BXD recombinant inbred (RI) lines represent a genetic reference population derived from a cross between C57BL/6J mice (B6) and DBA/2J mice (D2), which through meiotic recombination events possesses recombinant chromosomes containing B6 or D2 haplotype segments. The quantitative trait loci (QTLs) are the locations of segregating genetic polymorphisms and are fundamental to understanding genetic diversity in human disease susceptibility and severity. QTL mapping represents the typical approach for identifying naturally occurring polymorphisms that influence complex phenotypes.

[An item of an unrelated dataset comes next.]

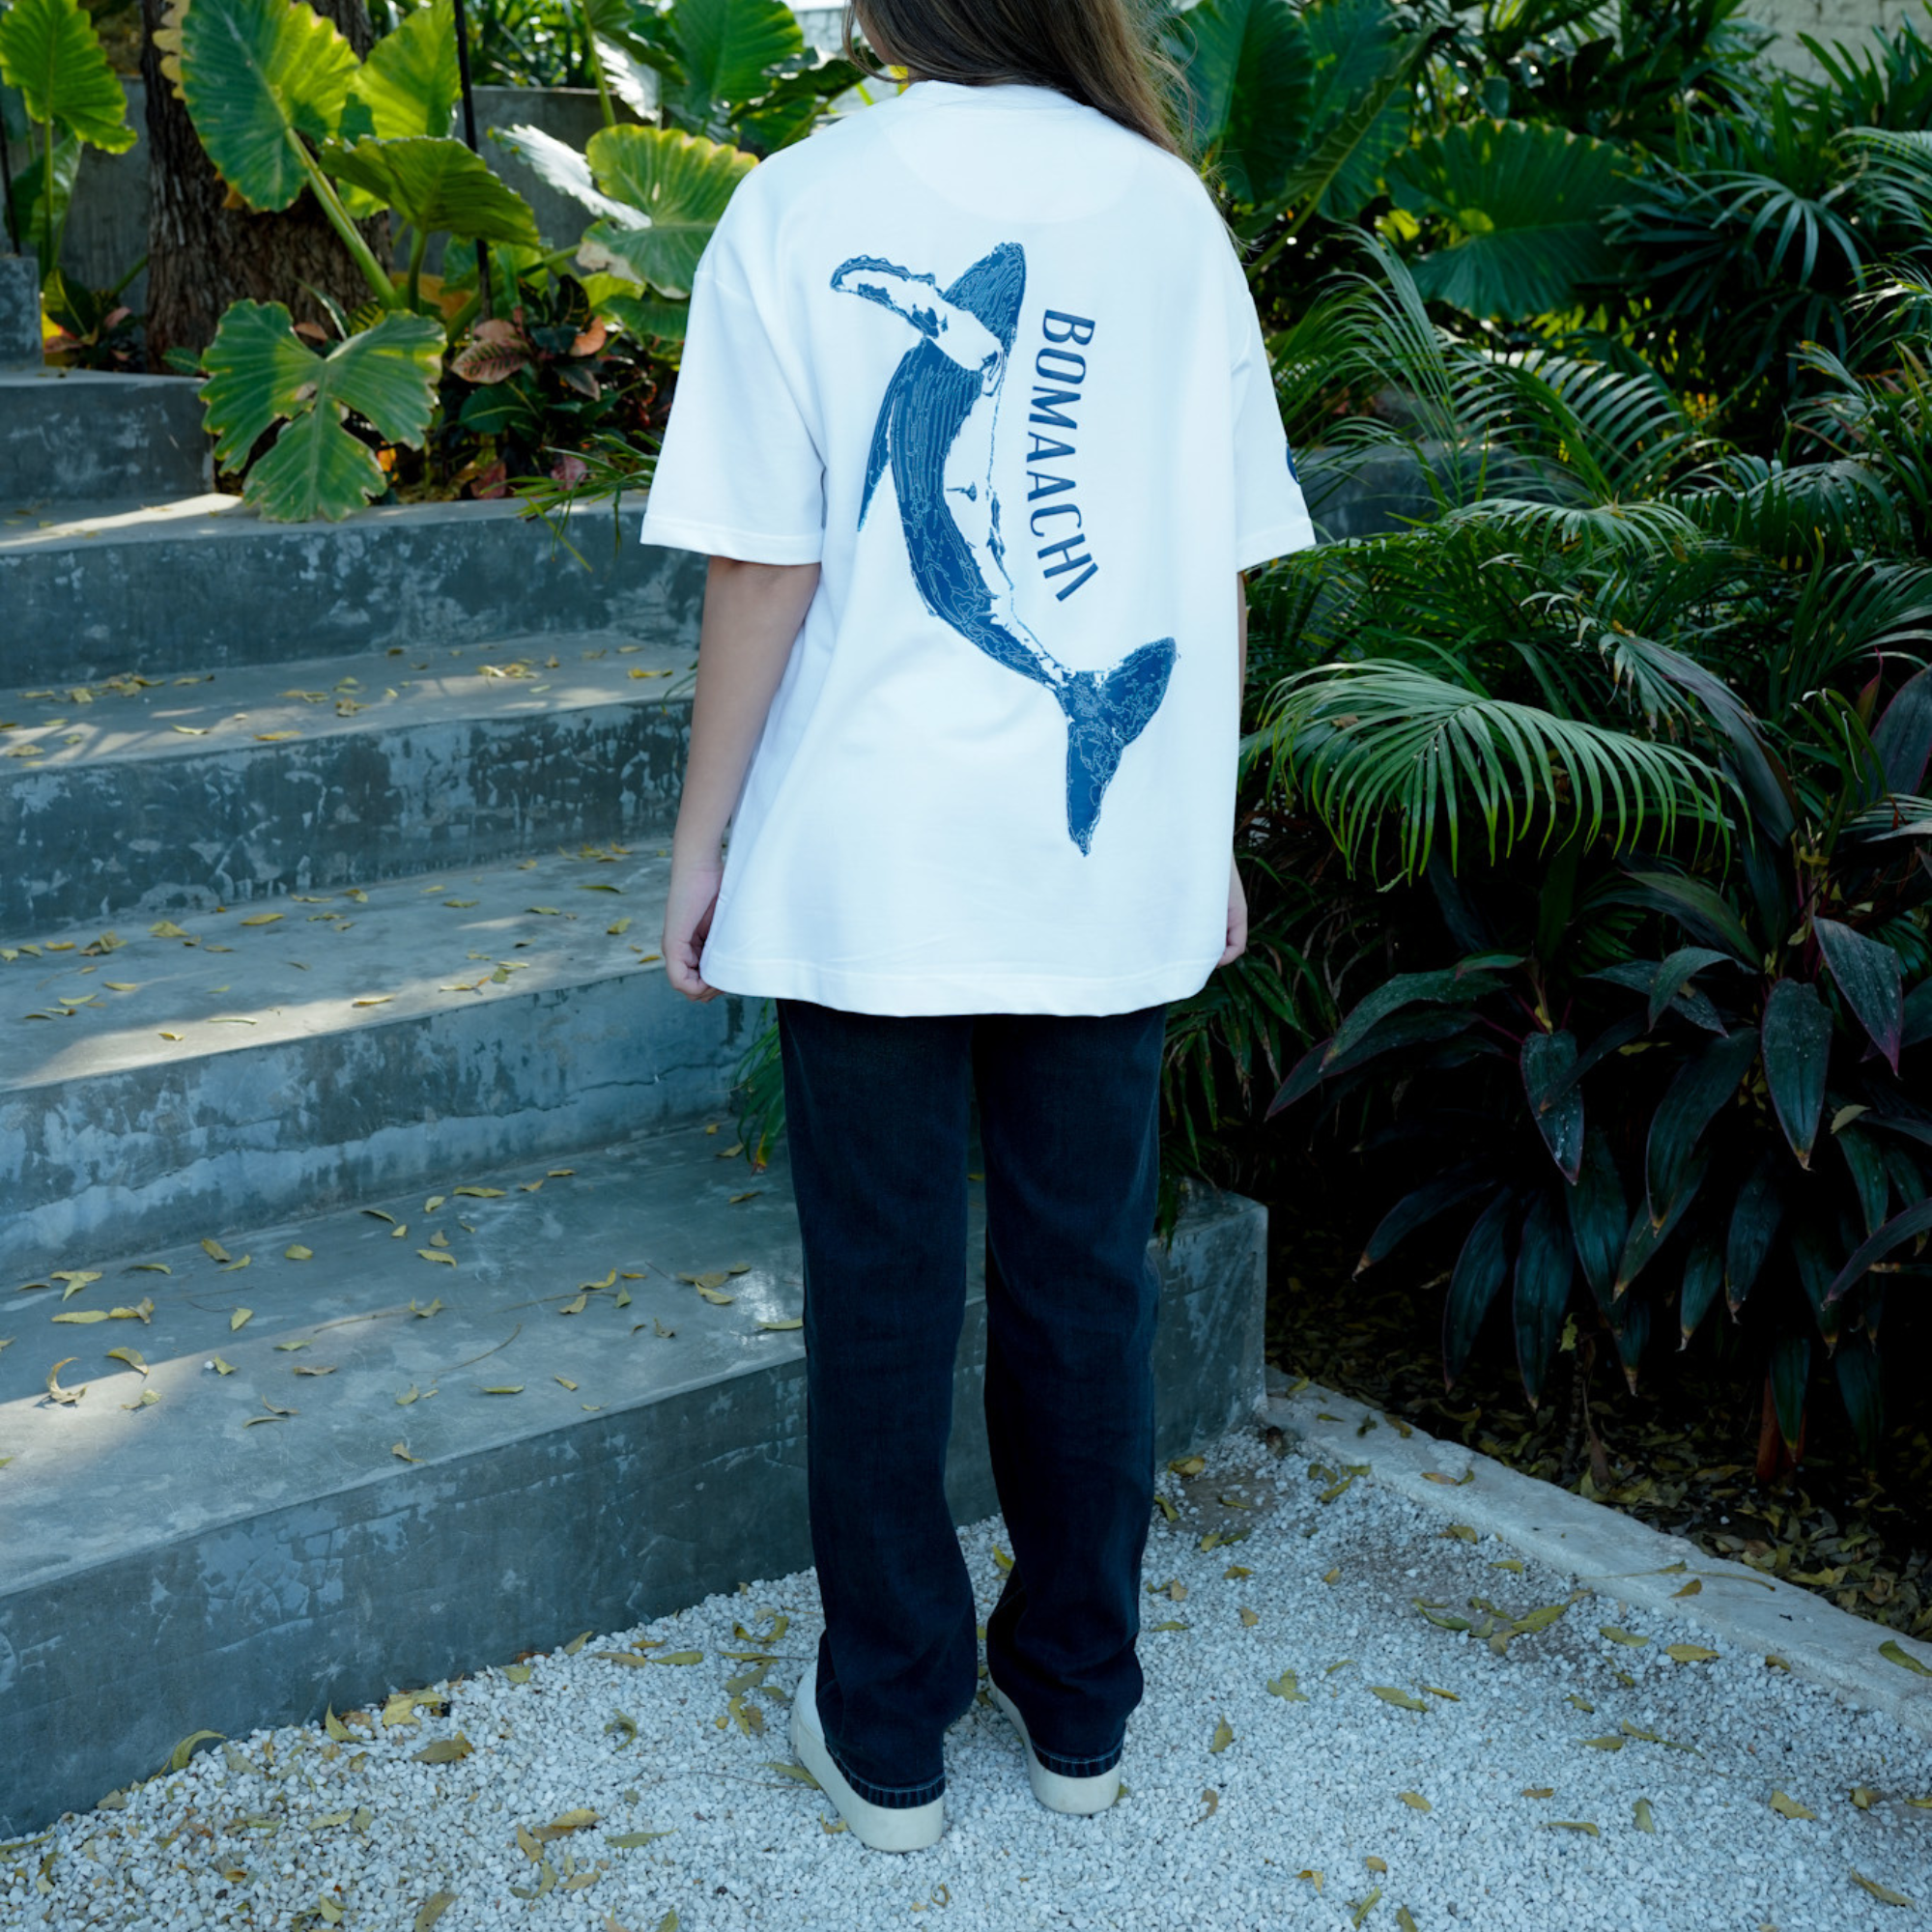 Blue Whale T-shirt

In this process, genotypic values at markers of known genomic locations are associated with phenotypic values measured in a segregating population. Indeed, BXD RI strains provide a powerful tool to study neurotoxicity induced by different substances. In this review, we describe the use of BXD RI lines to understand the underlying mechanisms of neurotoxicity in response to ethanol and cocaine, as well as metals and pesticide exposures.

Highlights

  • The development of an optimal experimental design requires the selection of an adequate animal model

  • The BXD recombinant inbred (RI) lines represent a genetic reference population derived from a cross between C57BL/6J mice and DBA/2J mice using a strategy of advanced intercrosses [1,2]

  • The BXD RI murine family consists of approximately 150 strains with greater than 6 million sequence variants, a level similar to the human cohorts that are being studied in genome-wide association studies (GWASs)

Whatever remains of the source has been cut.